Peanut allergen Ara h 3: Isolation from peanuts and biochemical characterization (1)
Ara h 3 and Ara h 4 are considered to be the same allergen, and are in this paper referred to as Ara h 3.
Peanuts were ground and protein extracts were made by mixing 25 g ground peanut with 250 ml of 20 mM Tris buffer (pH 7.2). After 2 h stirring at room temperature, the aqueous fraction was collected by centrifugation (3000 g, at room temperature for 30 min). The aqueous phase was subsequently centrifuged (10 000 g at room temperature for 30 min) to remove residual traces of fat and insoluble particles.
1.5 g peanut protein was applied on a 300 ml Source Q column previously equilibrated with 20 mM MOPS of pH 7.2 at room temperature. The column was washed with the loading buffer until the A280 of the effluent was less than 0.02. Proteins were eluted using a linear sodium chloride gradient in the loading buffer (up to 1 M in 4000 ml at a flow rate of 100 ml/min).
Ara h 1 was found in pool 1 whereas pool 2 shows a doublet around 21 kDa, indicative for Ara h 2. Pool 3 contained a number of polypeptides and since the relative intensities of these bands were identical for 10 consecutive fractions, the polypeptides are likely associated to form one single hetero-multimeric protein.
With the bands in Pool 3, the two largest polypeptides (45 and 42 kDa) as well as the 14 kDa polypeptide have an N-terminus identical to the recombinant gene-product described previouslyThe bands at 16, 25 and 28 kDa correspond to internal sequences starting at amino acids 217, 326 and 311, respectively. Taken together, these experiments demonstrate that Pool 3 contained a single protein with a hetero-multimeric structure.

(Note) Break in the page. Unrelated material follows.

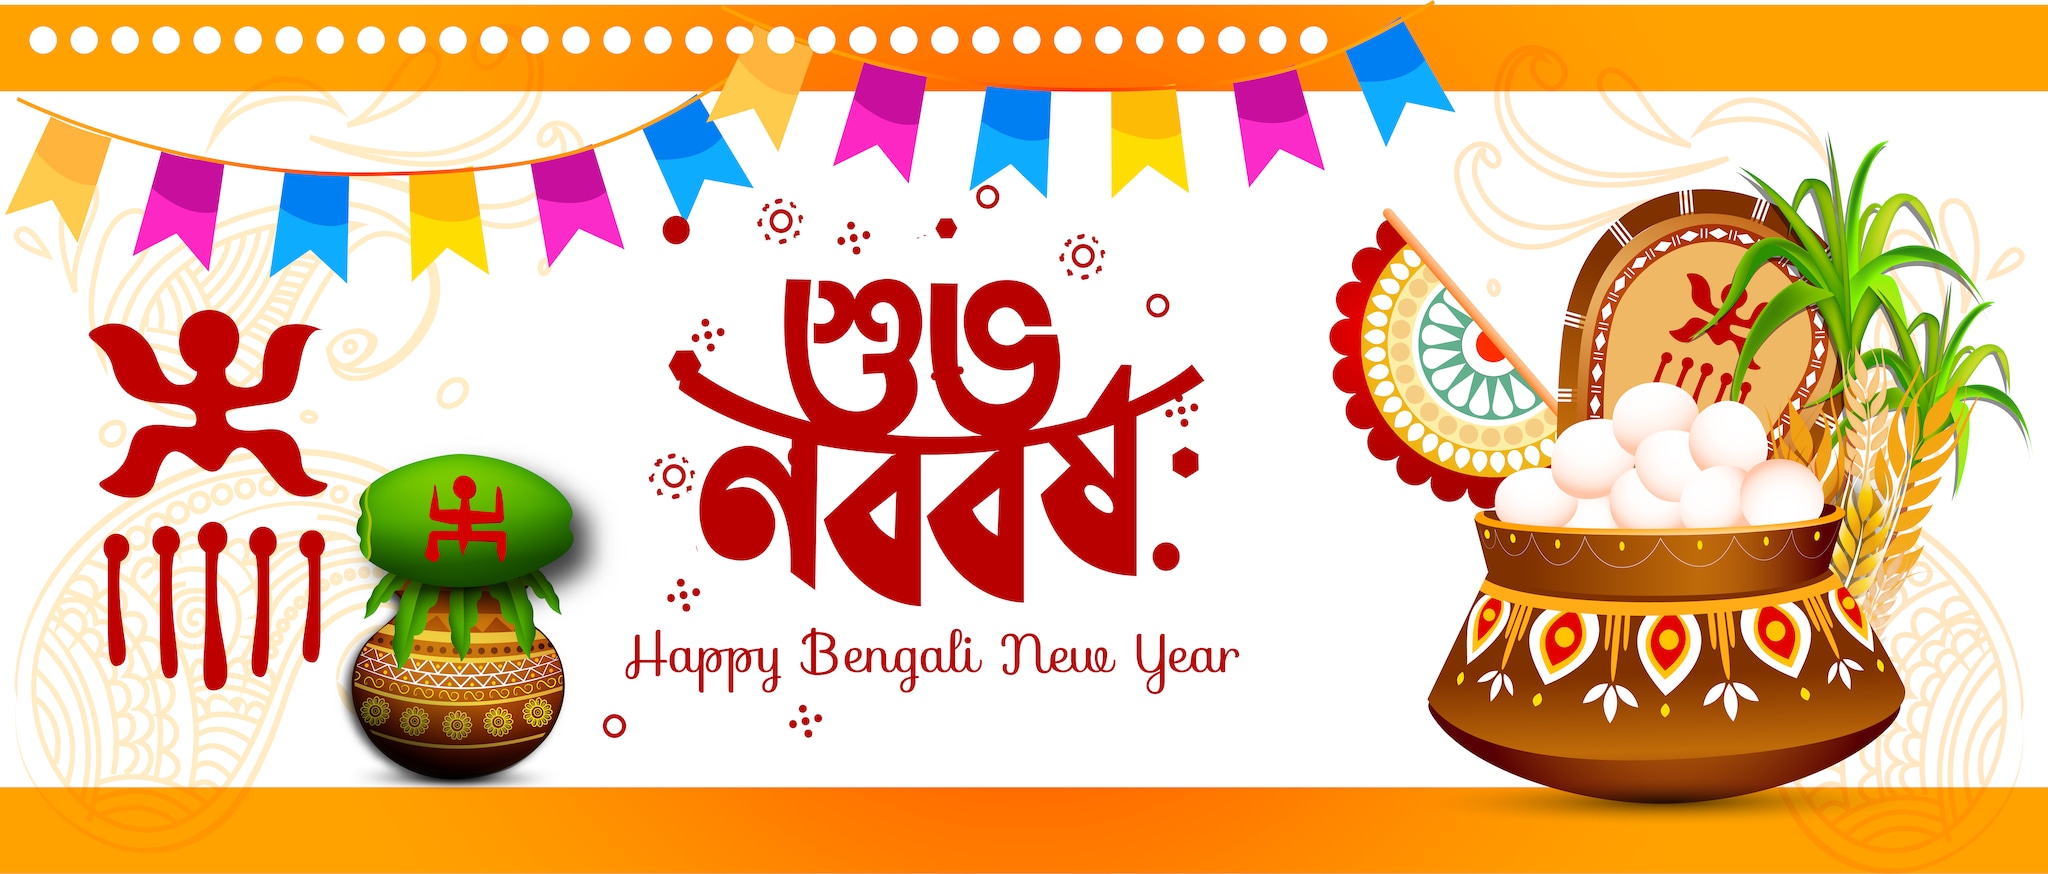 bengali new year essay

Ara h 3 eluted at a slightly higher elution volume corresponding to an apparent Mw of 360– 380 kDa, which indicates an oligomeric structure very similar to glycinin and legumin: a hexameric 11S structure at neutral pH and an ionic strength of 0.2 M. At pH 7.6 and ionic strength of 0.2 M the 11S form of Ara h 3 shows a thermal unfolding characterized by a Tm of 91°C. The thermal unfolding was irreversible.
Patients 22, 40 and 48 have high titers for Ara h 3 while patients 35 and 44 have lower titers. Control individuals (non-allergic and allergic but not peanut allergic) did not react in this assay.
Patients 22 and 35 react intensely with Ara h 3, whereas patients 40, 44 and 48 show a moderate IgE-reactivity towards Ara h 3. Compared to the elisa, patients 40 and 48 react less intensively on immunoblot, whereas the IgE-binding for patient 35 is more pronounced in immunoblot.
Upon unfolding in 6 M urea and reduction of disulfide bonds by DTT the Ara h 3 multimer dissociates into subunits. Two major fractions can be distinguished: a non-bound fraction (fraction 1) and a fraction eluting during the salt gradient; the latter fraction was collected in four different subfractions (fractions 2–5).
The peptide bond between N325 and G326 is proteolytically cleaved by an asparaginyl endopeptidase, analogous to soy glycinin. This gives rise to the major bands observed on SDS-PAGE: the 42–45 kDa acidic subunit and the 25 kDa basic subunit. Most likely the cysteines responsible for the disulfide bond covalently linking the acidic subunit (res 1–325) and the basic subunit (res 326–510) are cys 88 (acidic subunit) and cys 332 (basic subunit).
The major IgE epitope was identified in recombinant Ara h 3 at amino acid position 279–293 that is in 42 and 45 kDa polypeptides.